Camargo Aranha chegou a engasgar. Mas depois que se recompôs, inventou
que estava em tratativas com uma Revista especializada. E quando o publicassem,
traria alguns exemplares cheirando a novos, de modo que sua mãe poderia
distribuí-los à vizinhança até com mais prazer. Isso foi suficiente para que ela
se contivesse.
Antes de dormirem, o filho de D. Ana ainda foi visitado pela inspiração.
Mas como a história revelava-se tremendamente autobiográfica, resolveu abortar
o texto com medo de que sua mãe também quisesse mostrá-lo aos vizinhos.
Na manhã seguinte, ele nem precisou do despertador para levantar-se. Era
a véspera do roubo. E como sempre acontecia, a preocupação fez as vezes da
campainha.
Camargo Aranha ensaiou partir sem tomar café. Mas como sua mãe o lembrou
de que saco vazio não para em pé, a antevisão dos muitos malotes de dinheiro
que deveria transportar fez com que mudasse de ideia.
Mesmo que a ação só acontecesse a uma e meia da madrugada, horário em que
a vigilância na sede da empresa parecia relaxar, de acordo com o relatado por
um funcionário que se vendera, Camargo Aranha fez questão de passar o dia todo
com seus amigos de rapinagem, pois o plano deveria ser estudado tantas vezes
quanto achasse necessário. E podemos afirmar que cada um dos quadrilheiros
sabia precisamente onde se posicionar, o que lhe cabia fazer, o seu momento de
agir, e o tempo máximo de sua participação.
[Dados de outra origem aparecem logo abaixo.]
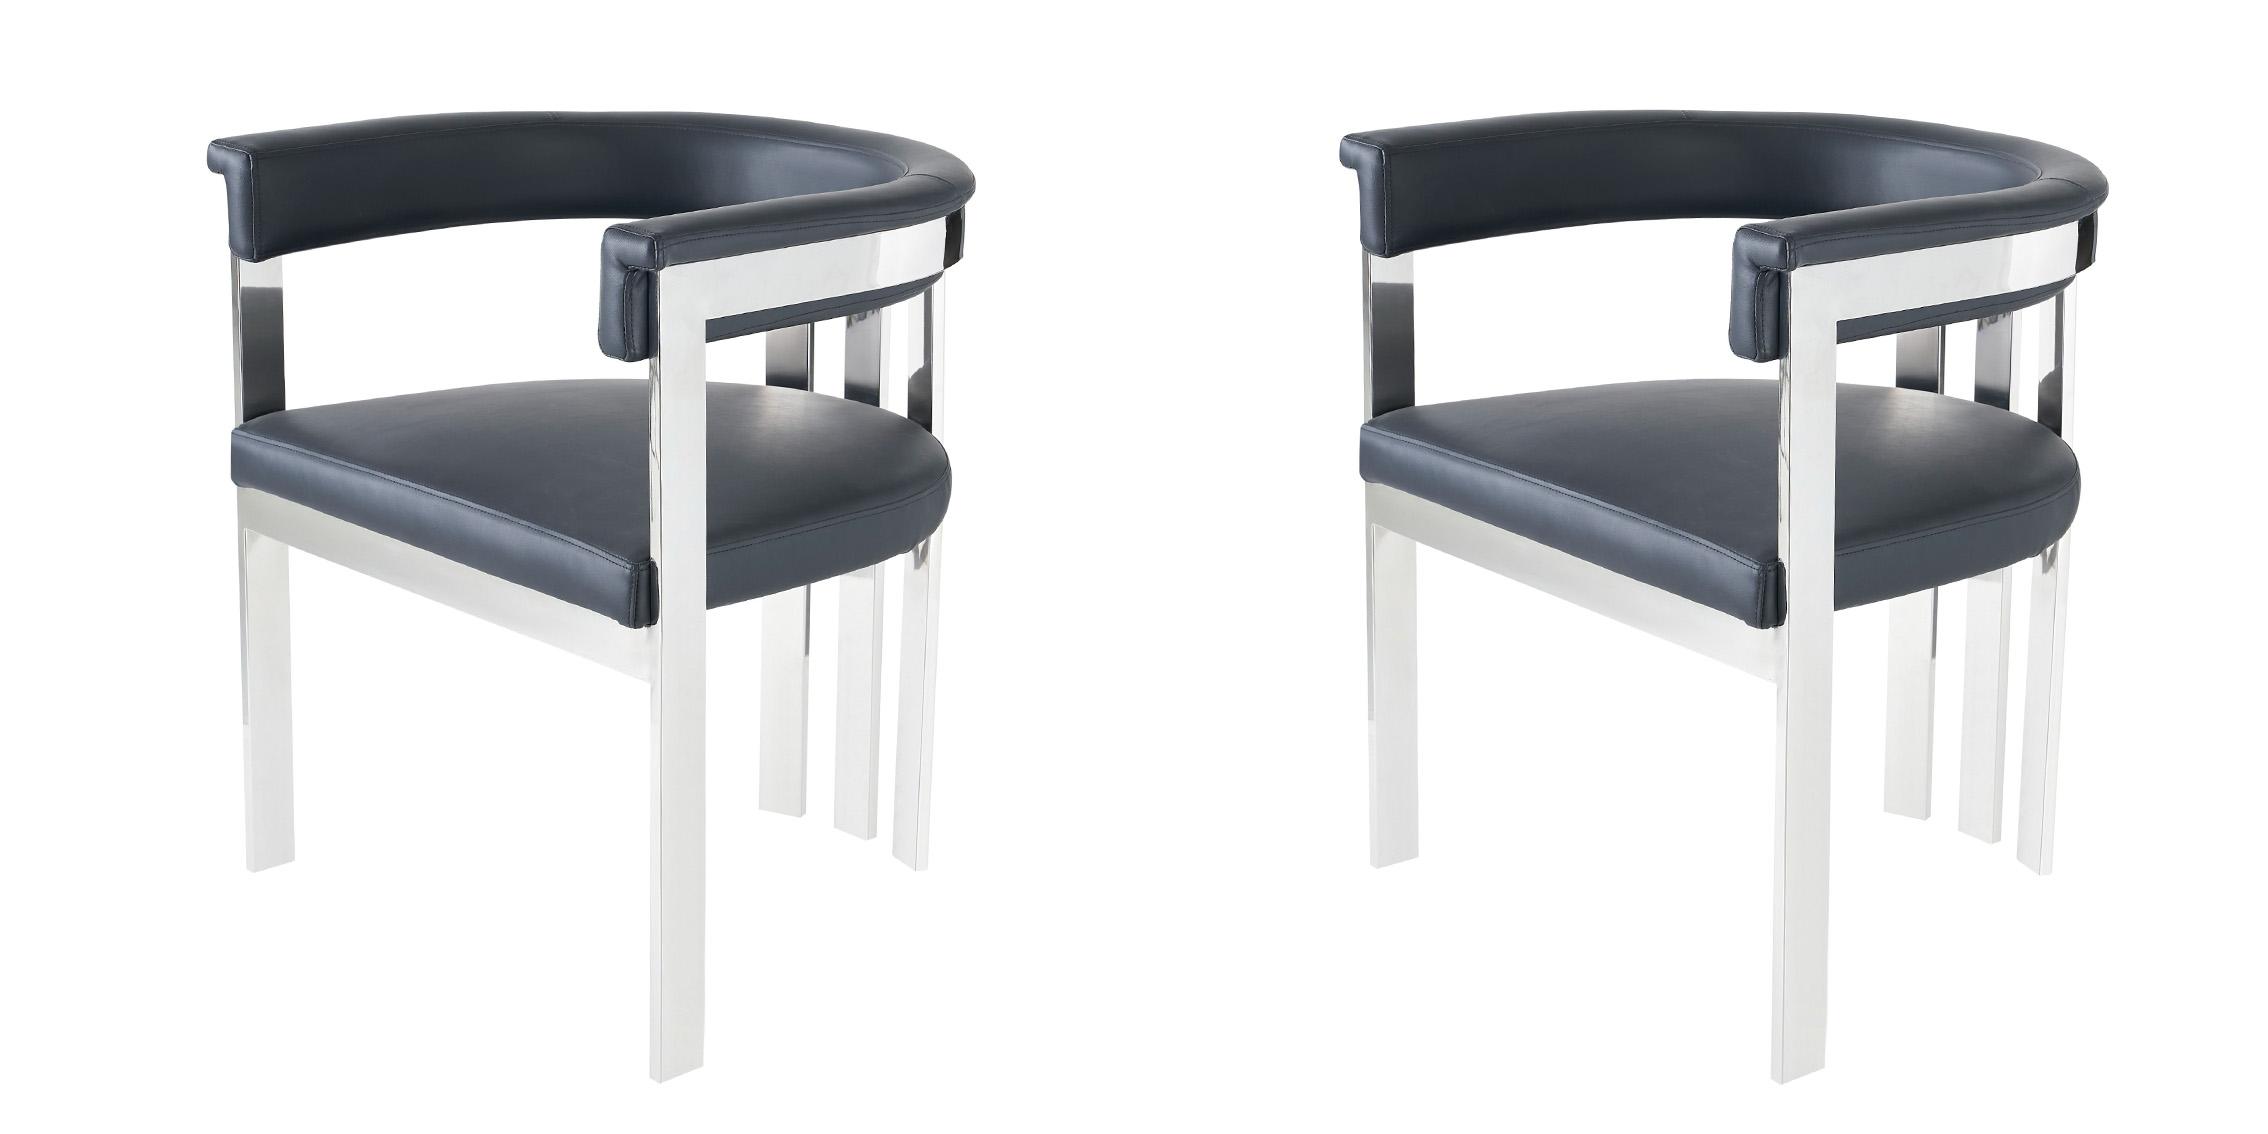 Contemporary, Modern Dining Chair Set VGZAY129-BLK-DC-Set-2 VGZAY129-BLK-DC-Set-2 in Chrome, Black Eco Leather

No horário marcado, a ação teve início com precisão cirúrgica. Dois
carros para fuga a postos (1h30); invasão por uma porta lateral facilitada pelo
funcionário corrupto (1h31); rendição dos guardas sem um único disparo (1h37);
abertura do portão principal para entrada dos automóveis (1h40); arrombamento
do cofre com explosivos suficientes (1h43); ensacamento do dinheiro encontrado,
perfazendo cinco malotes lotados (1h46); retorno dos assaltantes aos carros
(1h49); e abertura do portão principal pelo quarto partícipe visando à fuga
(1h50).
E todo o plano aconteceu em cravados vinte minutos, um novo recorde para
a equipe de malfeitores.
Os bandidos pisaram fundo no acelerador e desapareceram.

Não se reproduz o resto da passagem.